__EXERCISE REQUIREMENTS__.
From the listing below, output the lines between the one with "Box of Five" and the one with "Medical researcher viewing", including those two, and nothing else. Pictures are not copied.

***** RECORDS FOR THE TASK

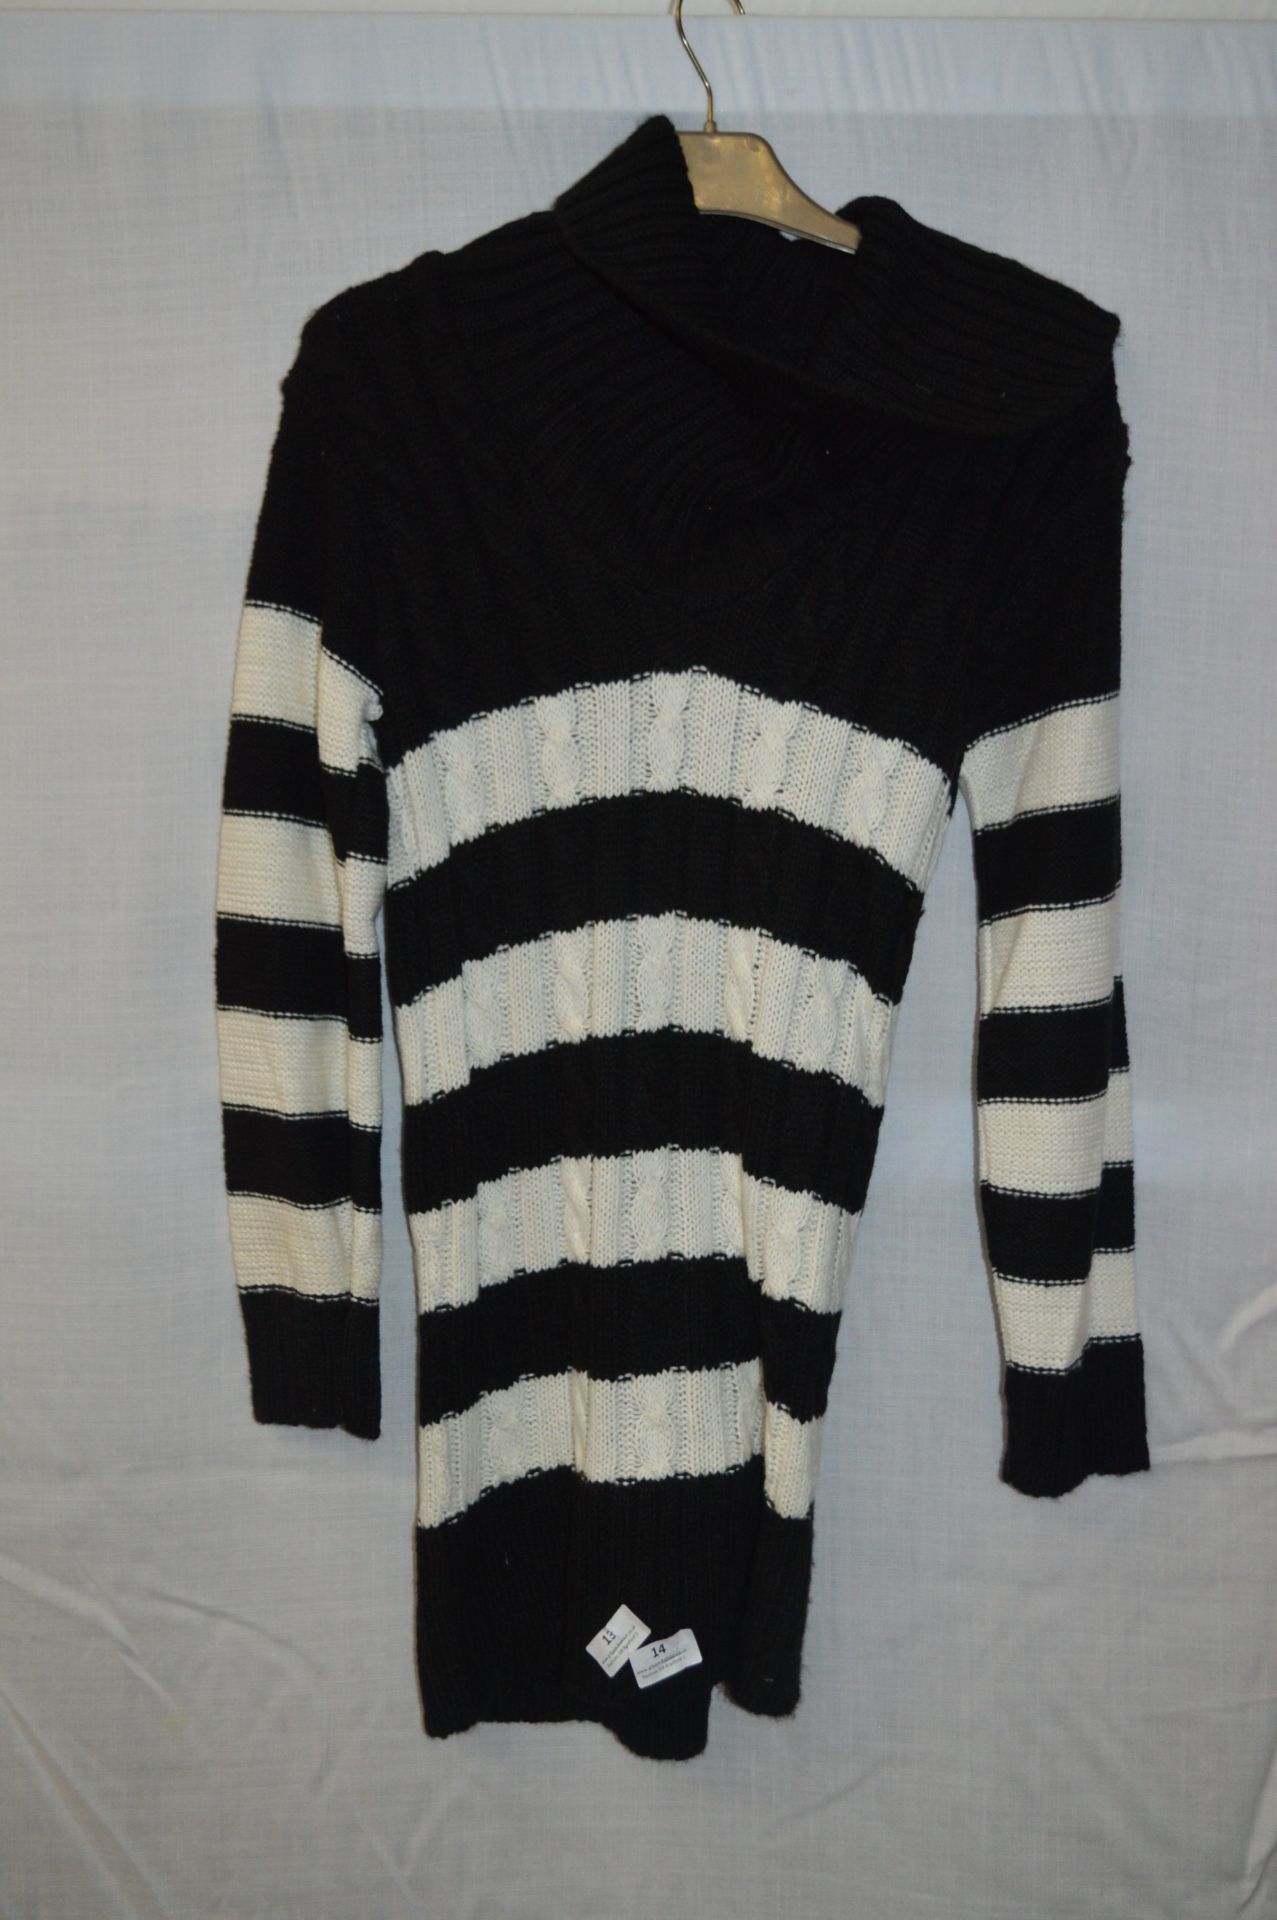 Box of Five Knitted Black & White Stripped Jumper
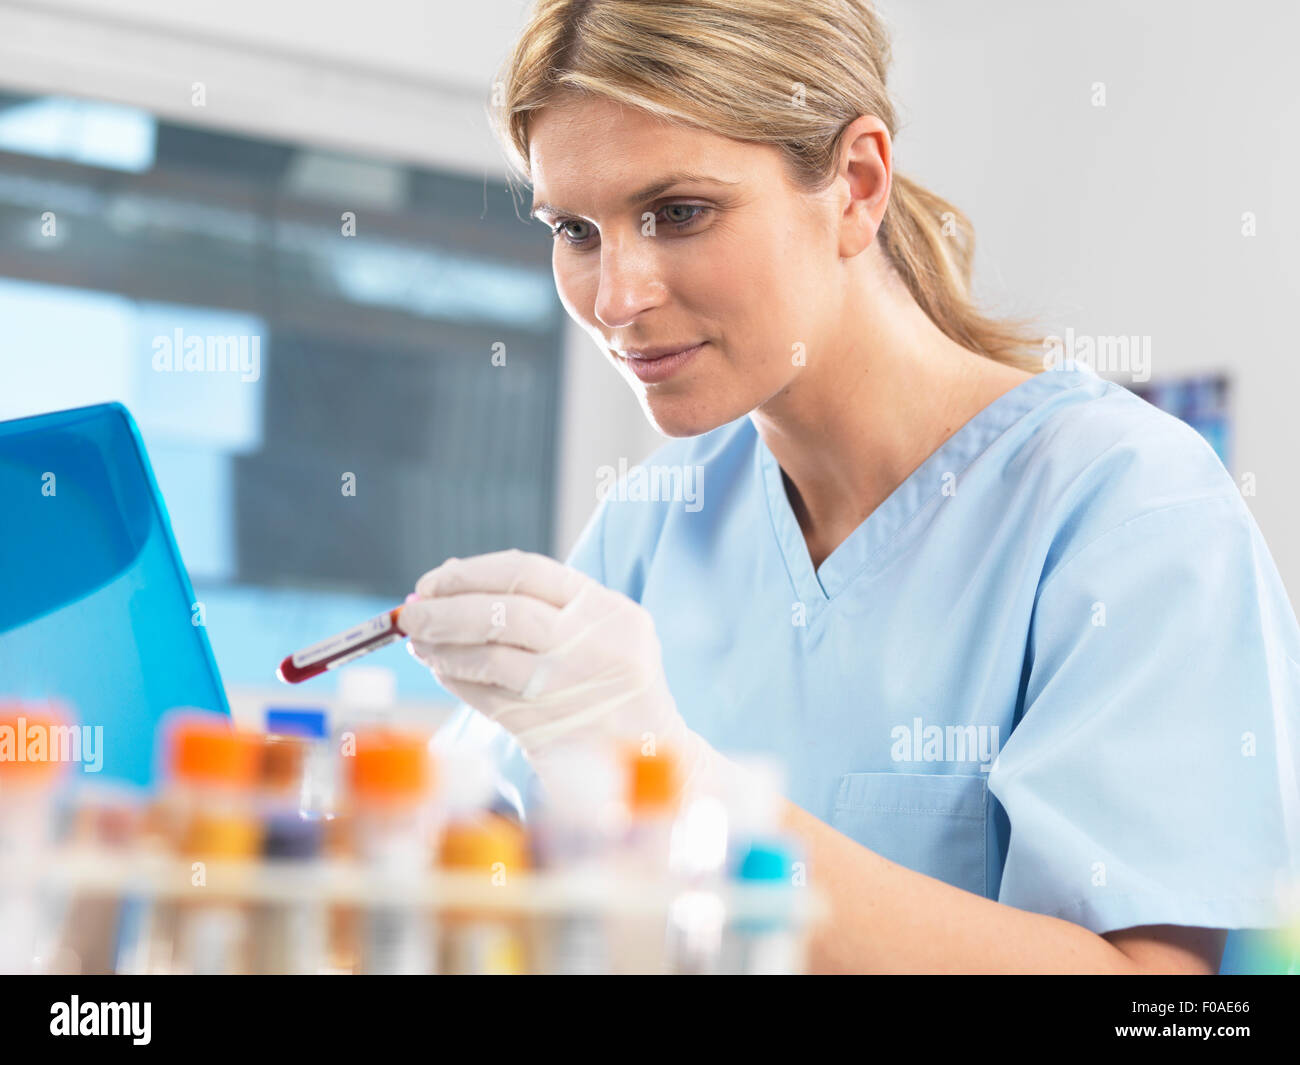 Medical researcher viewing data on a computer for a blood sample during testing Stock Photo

**********
***** RECORDS FOR THE TASK

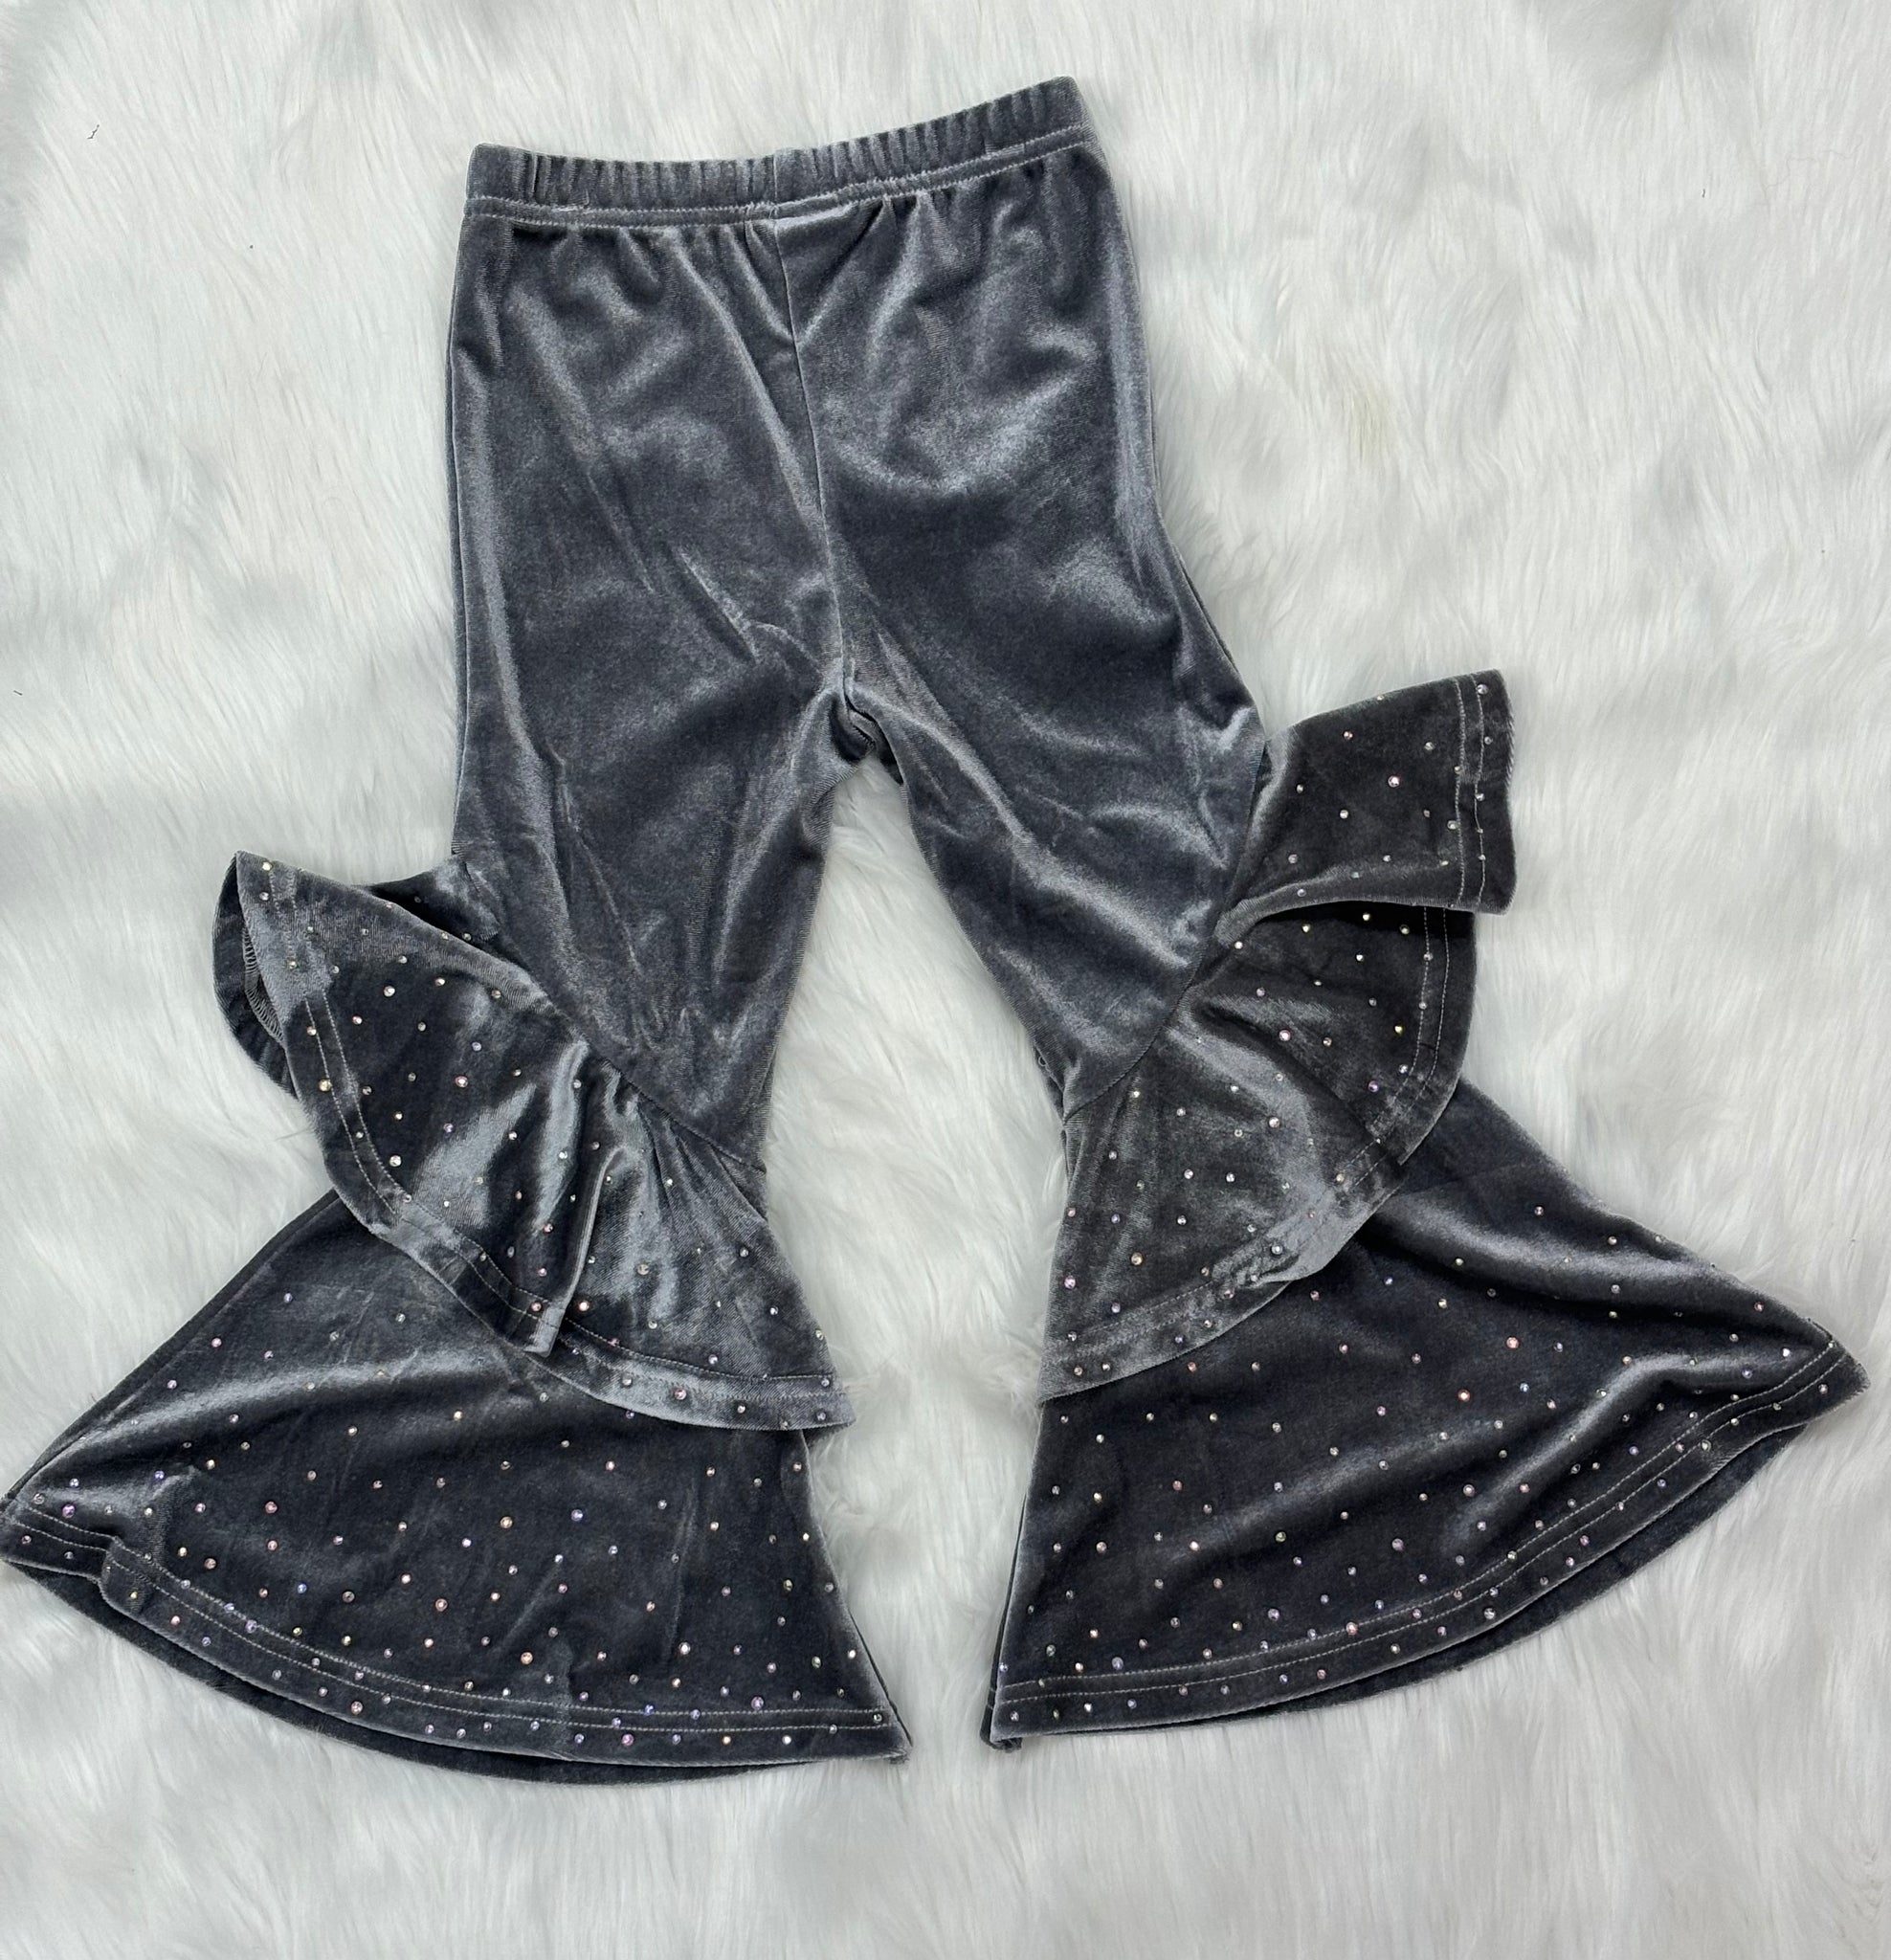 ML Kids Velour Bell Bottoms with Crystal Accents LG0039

**********

__WORKED SOLUTION__.
 Box of Five Knitted Black & White Stripped Jumper
 Medical researcher viewing data on a computer for a blood sample during testing Stock Photo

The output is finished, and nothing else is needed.